India’s quick commerce battle is entering a sharper phase, with pricing emerging as the latest lever in a rapidly intensifying race. Blinkit, the country’s largest instant delivery platform, has quietly removed delivery charges in select micro-markets across cities such as Gurgaon, Bengaluru and Mumbai, according to industry sources familiar with the development.
The move is seen as a targeted response to heightened competition from newer and aggressively expanding rivals, particularly Amazon Now and Flipkart Minutes, both of which are scaling up dark store networks and offering low or zero delivery fees in key urban pockets. Sources indicate that Blinkit’s fee rollback is not a nationwide policy change but a calibrated step aimed at defending high-value customer cohorts in strategically important locations.

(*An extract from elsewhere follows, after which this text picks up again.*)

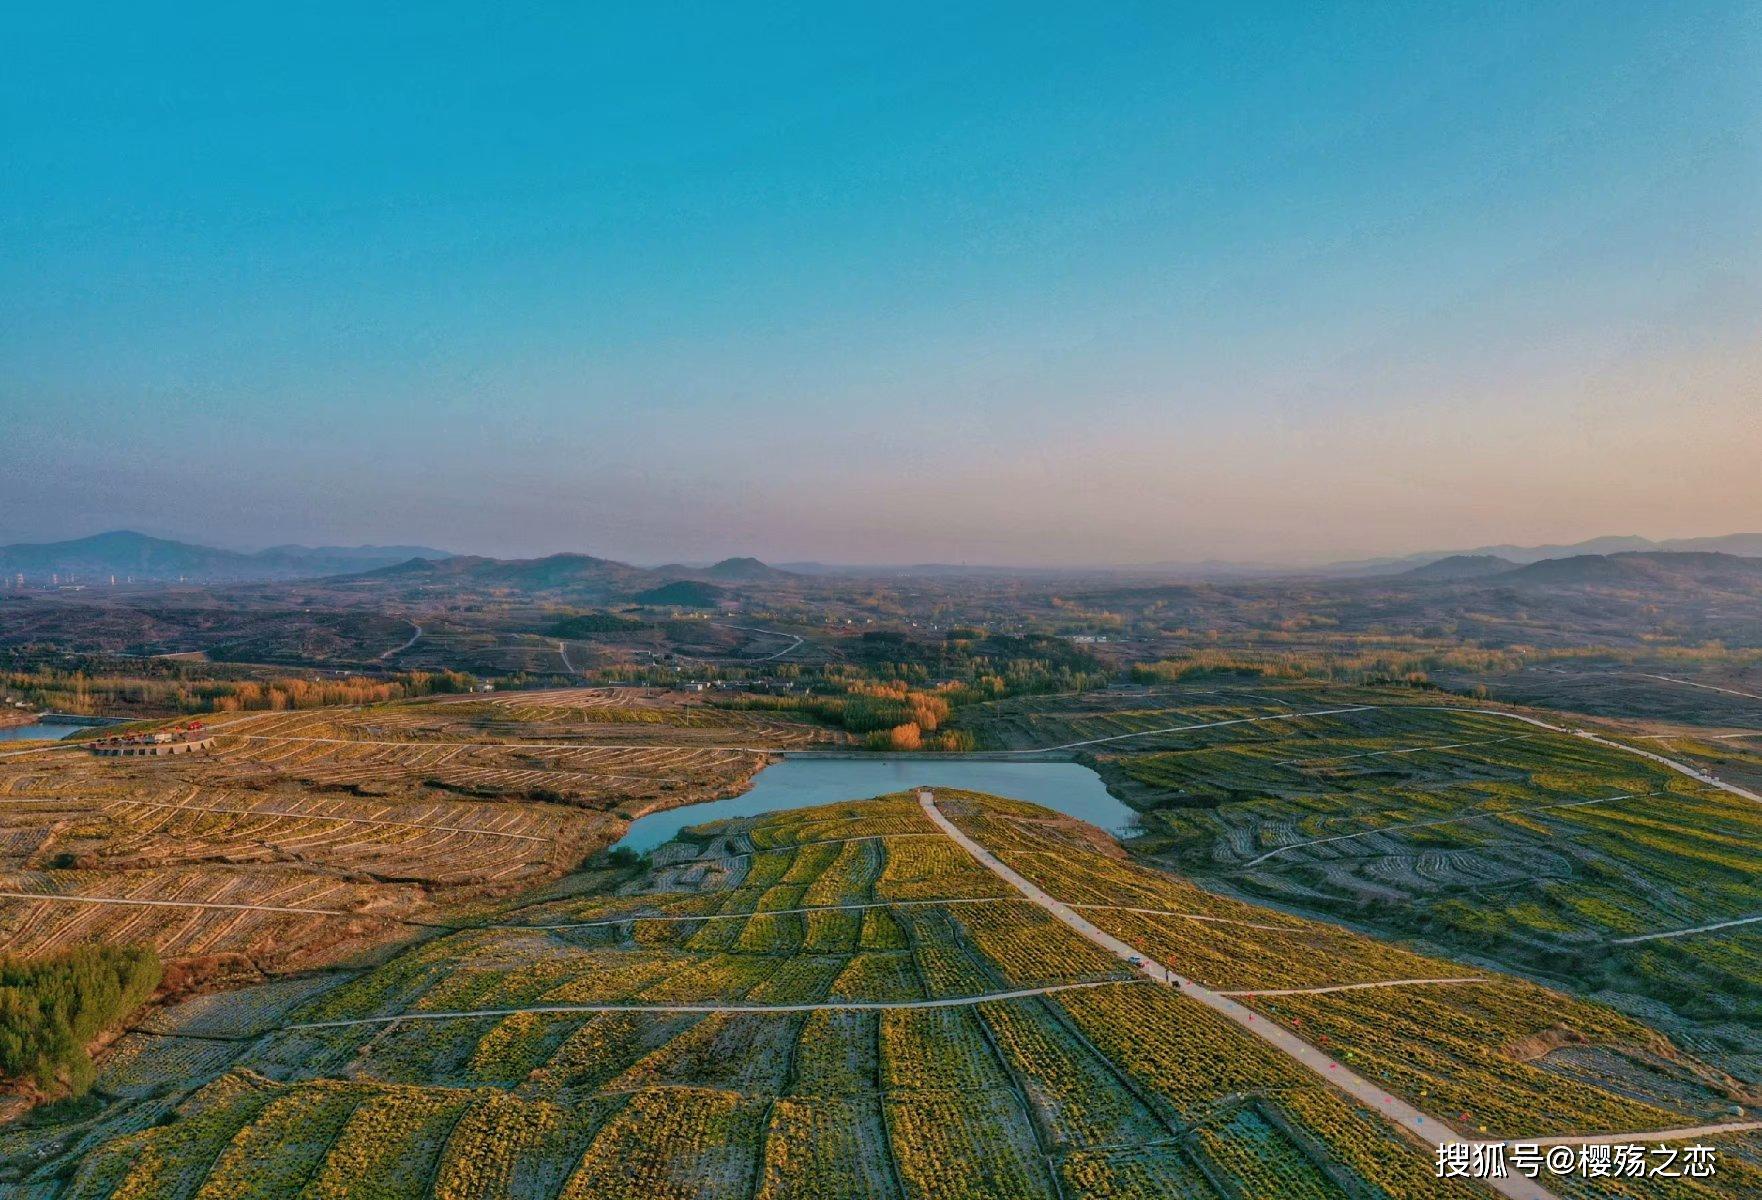 """中国唯一以""""良心""""为名的景区,因为致富有道,深受当地人推崇_种植"""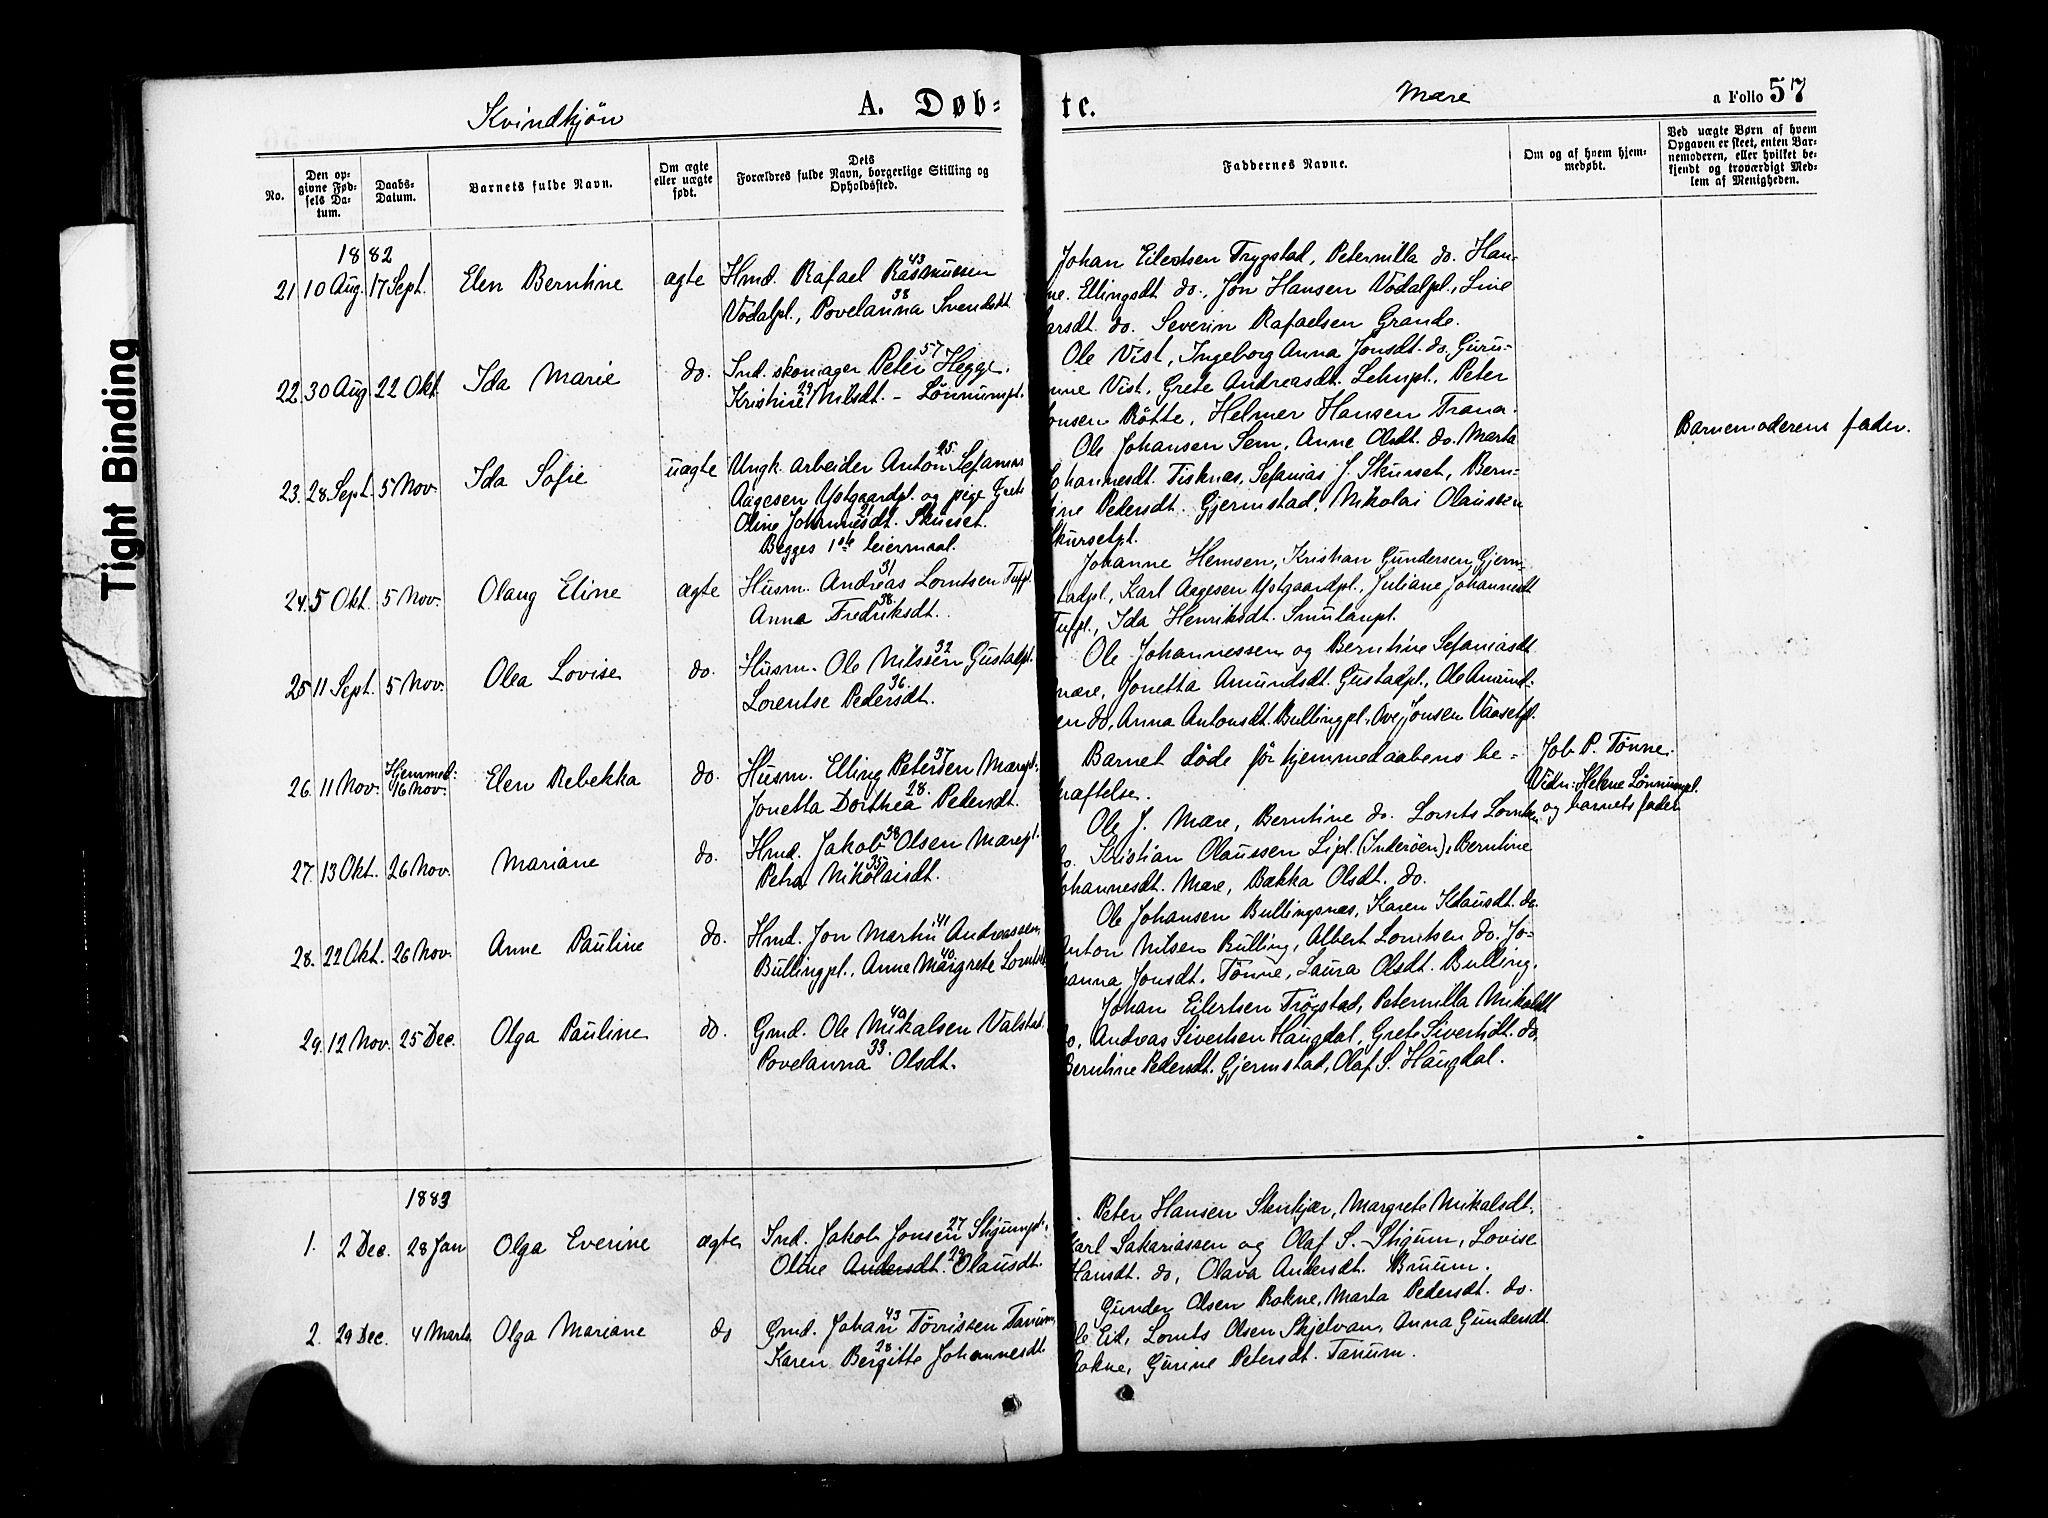 SAT, Ministerialprotokoller, klokkerbøker og fødselsregistre - Nord-Trøndelag, 735/L0348: Ministerialbok nr. 735A09 /1, 1873-1883, s. 57

Over the past three to four months, rival platforms Zepto and Swiggy Instamart had already eased cost pressures on consumers. Zepto, following its $450 million fundraise in October, eliminated handling and surge fees and lowered the minimum cart value for free delivery to ₹99. Instamart soon mirrored similar incentives. Blinkit had, until recently, held its pricing line.
Quick commerce has become a critical sales channel for packaged food and daily essentials brands, many of which credit the segment for incremental volume growth over the past two years. Industry executives note that fee waivers tend to accelerate consumer adoption, particularly when a new player enters a market. Amazon Now’s zero-delivery-fee strategy has been a notable catalyst in cities where it has launched operations.
Amazon has been expanding aggressively, adding roughly two dark stores a day in December and crossing 300 micro-fulfilment centres by the end of the year. Company leadership has said that Prime members in launch zones typically migrate to Amazon’s quick commerce service within three months of a dark store opening.
According to BofA Research, Blinkit continues to lead the segment with over half the market share. The remaining share is split among Zepto, Instamart, Tata Digital backed BigBasket, Flipkart Minutes and Amazon Now. Flipkart, owned by Walmart, is also accelerating its presence and is expected to scale its dark store network to around 800 locations.
As platforms race to lock in users through pricing and proximity, the next phase of quick commerce growth is likely to be shaped as much by operational discipline as by how long companies can afford to keep deliveries free.